NEW YORK — Russia was probably responsible for the deadly bombing of a United Nations humanitarian aid convoy in Syria, US officials said Tuesday, further shredding what remained of a severely weakened agreement between the United States and Russia aimed at halting the war.

Aghast at the attack on Monday night, UN officials on Tuesday suspended all aid convoys in Syria, describing the bombing as a possible war crime and a cowardly act.

Publicly, the Obama administration said it held Russia responsible, in its role as a sponsor of the cease-fire agreement that it reached last week with United States. But the Americans still held out the possibility of salvaging the agreement. Benjamin Rhodes, the deputy national security adviser, said Russia should have ensured a halt to air operations in an area where “humanitarian assistance is flowing.’’

Privately, US officials said their intelligence information suggested Russian aircraft had actually carried out the attack.

The US officials said the Obama administration wanted to allow Moscow the time and space to investigate and announce its own conclusions about the bombing, which destroyed 18 of 31 trucks authorized to travel to a rebel-held area in northern Syria.

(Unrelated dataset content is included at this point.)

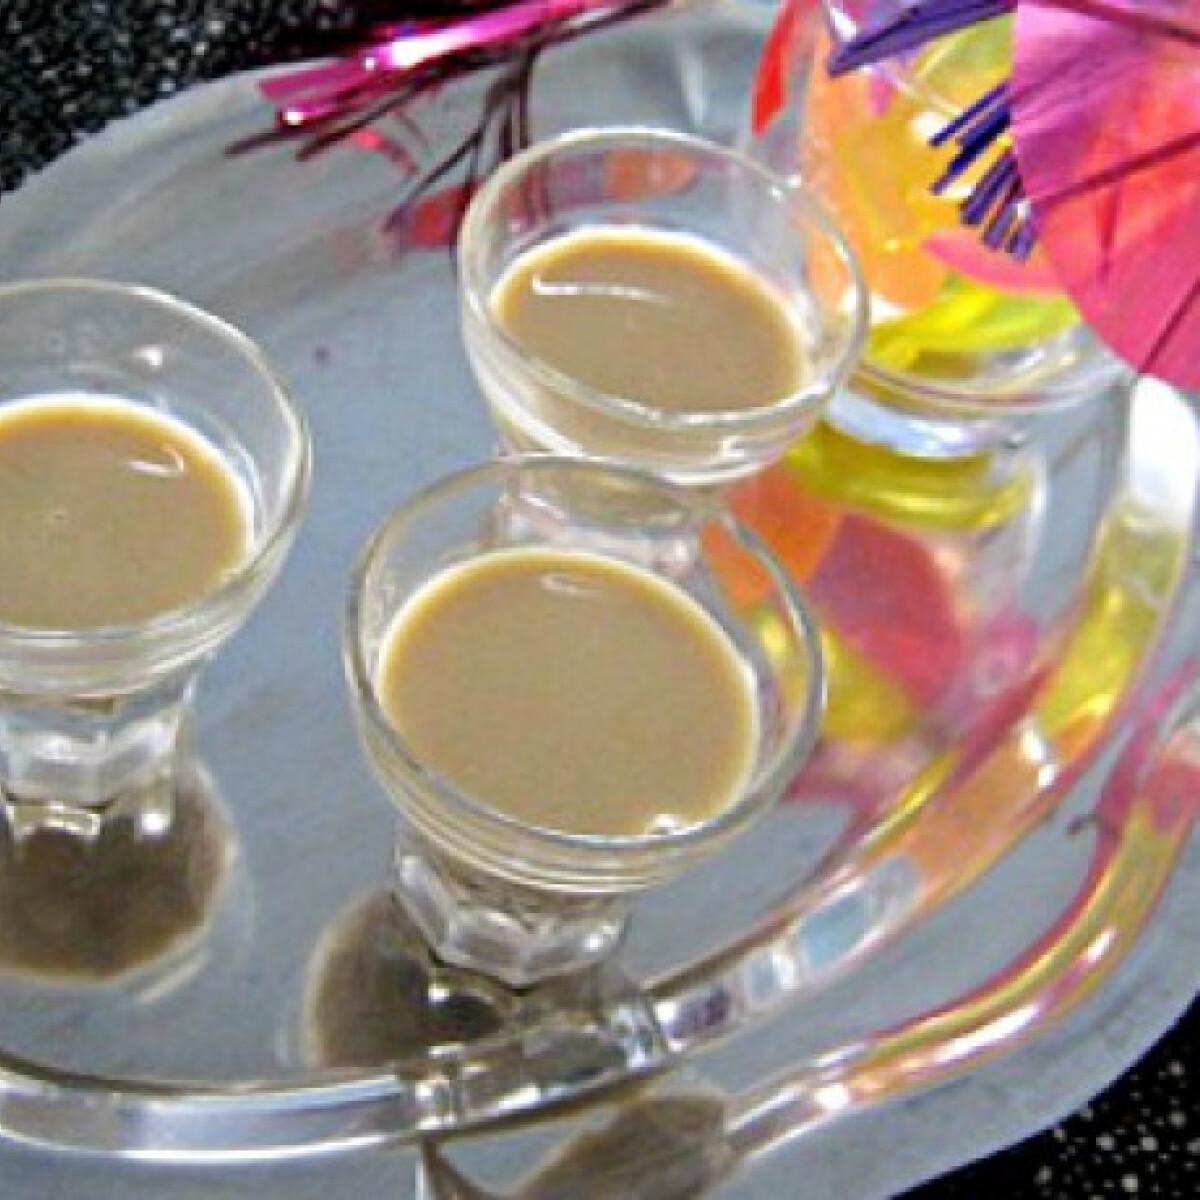 Ezen a képen: Rumos-kávés likőr

The bombing was the second disaster in three days to subvert the agreement between Russia and the United States, which had called for a weeklong cease-fire, humanitarian aid deliveries, collaboration by the two powers on targeting militant extremists in Syria, and a buildup of trust to eventually resume peace talks.

On Saturday, an errant US airstrike that was supposed to target Islamic State militants in Syria instead killed 60 people that Syria’s government and its Russian allies identified as Syrian soldiers; both Syria and Russia suggested that the assault was deliberate, despite US apologies.

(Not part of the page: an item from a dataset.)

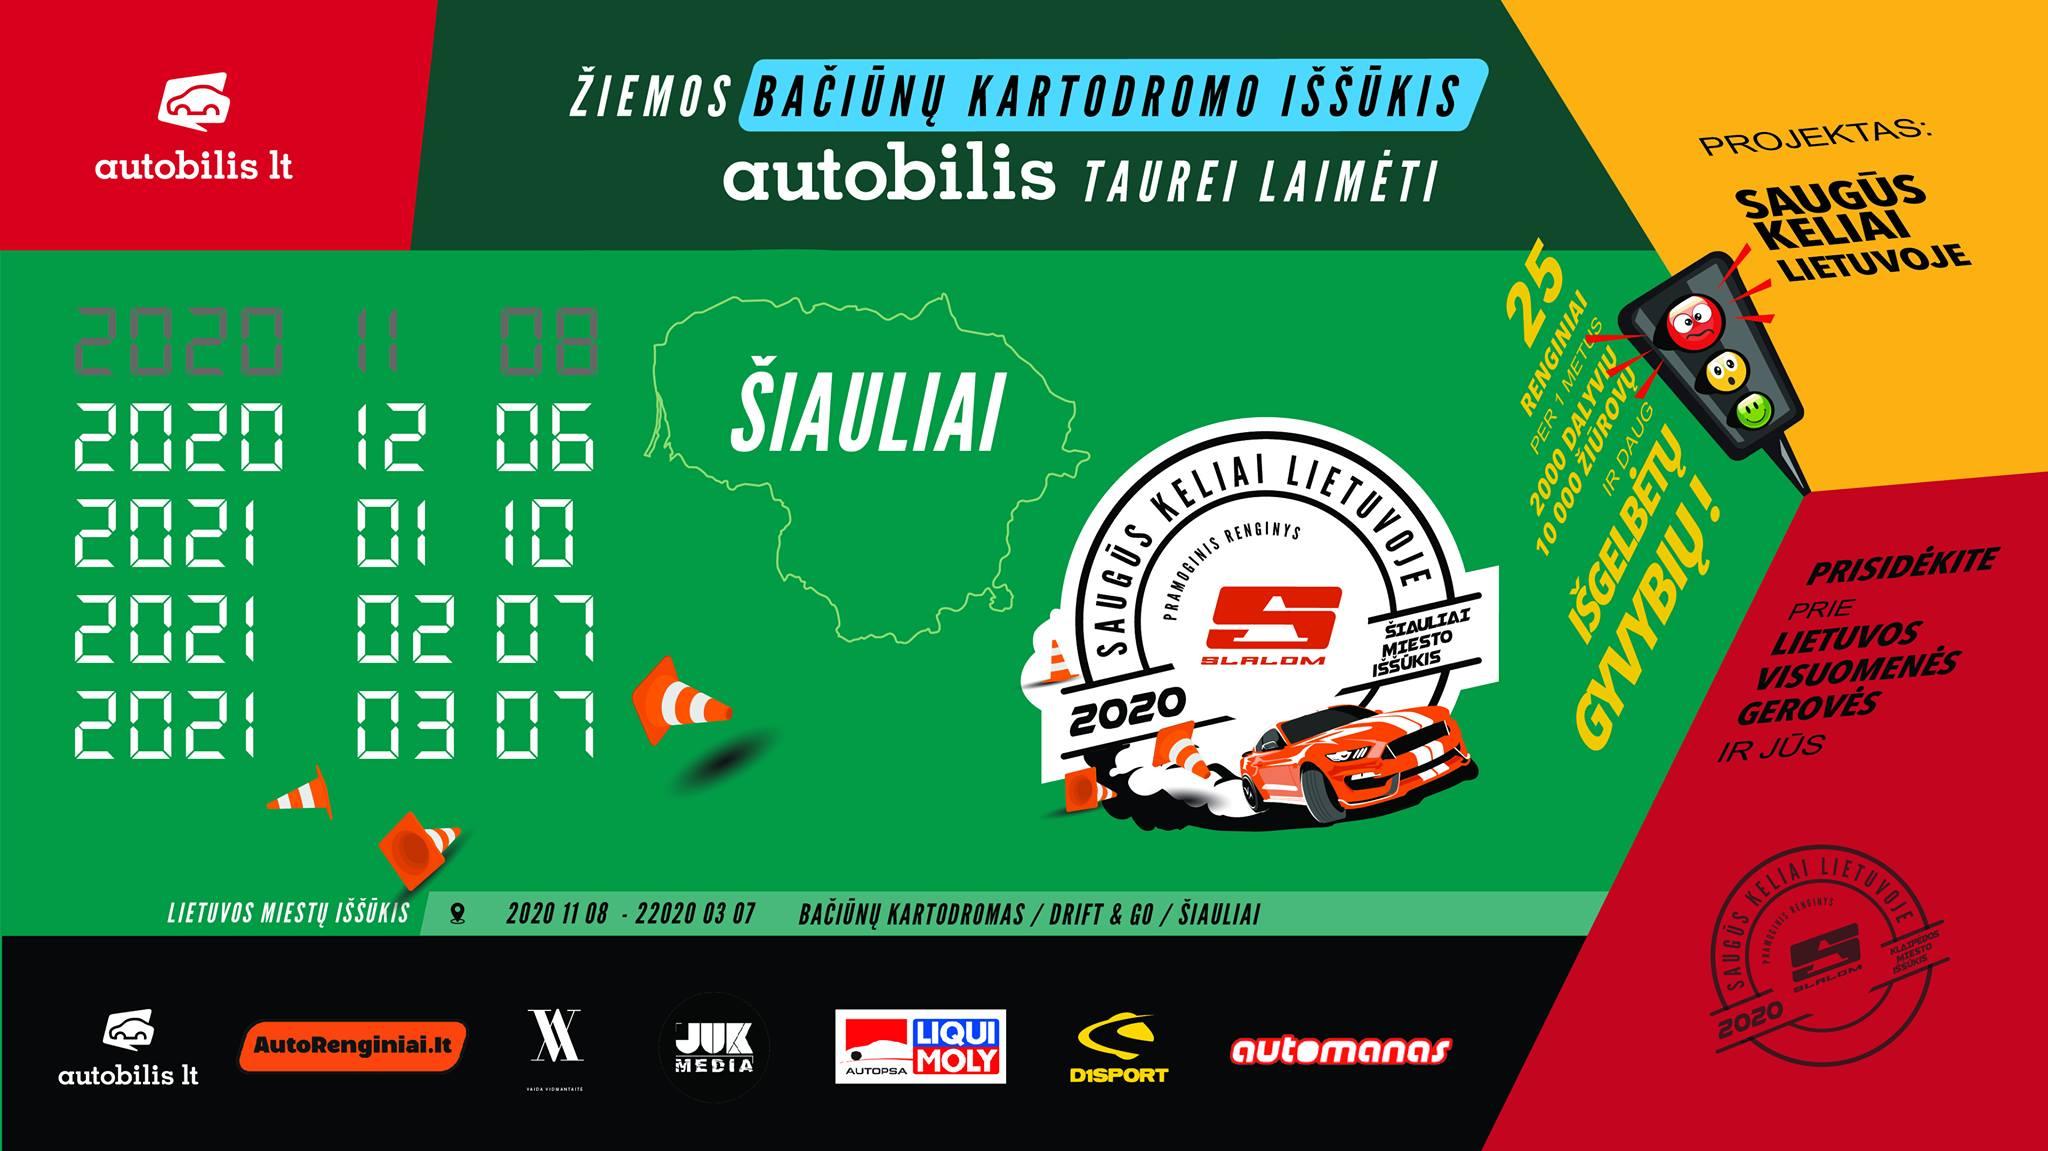 Žiemos Bačiūnų Kartodromo Iššūkiai Autobilis Taurei Laimėti 2 etapas

The United States has the ability to track warplanes and other aircraft in the region through radar and other sensors.

The Pentagon has determined with “very high probability’’ that a Russian Su-24 attack plane was directly over the aid convoy less than a minute before the airstrike was reported, a senior US official said.

“We have a very good picture of the skies over Syria, as well where there’s activity,’’ the official said. “We know the plane in question was Russian, not Syrian, and was directly overhead.’’

US analysts are assessing photographs of the bomb damage that could be tied to the weapons the Su-24 carries. They are also checking for any intercepted communications from the Russian pilot to determine why the convoy was struck.

“We have no indication that anything other than Russian tactical aircraft were in the air at the time the convoy was struck, to include both strike and reconnaissance aircraft,’’ said another US official. “We have seen no indication that it was anything other than an airstrike.’’

The officials spoke on condition of anonymity because they were discussing classified intelligence information.

Colonel John J. Thomas, a spokesman for US Central Command, said at the Pentagon on Tuesday that warplanes of the US-led coalition that is fighting the Islamic State in Iraq and Syria had not carried out the attack.

The strike on the trucks, which were carrying critically needed food and medical supplies bound for rebel-held areas of Syria’s western Aleppo province, took place shortly after the Syrian military declared that it regarded the seven-day partial cease-fire as over.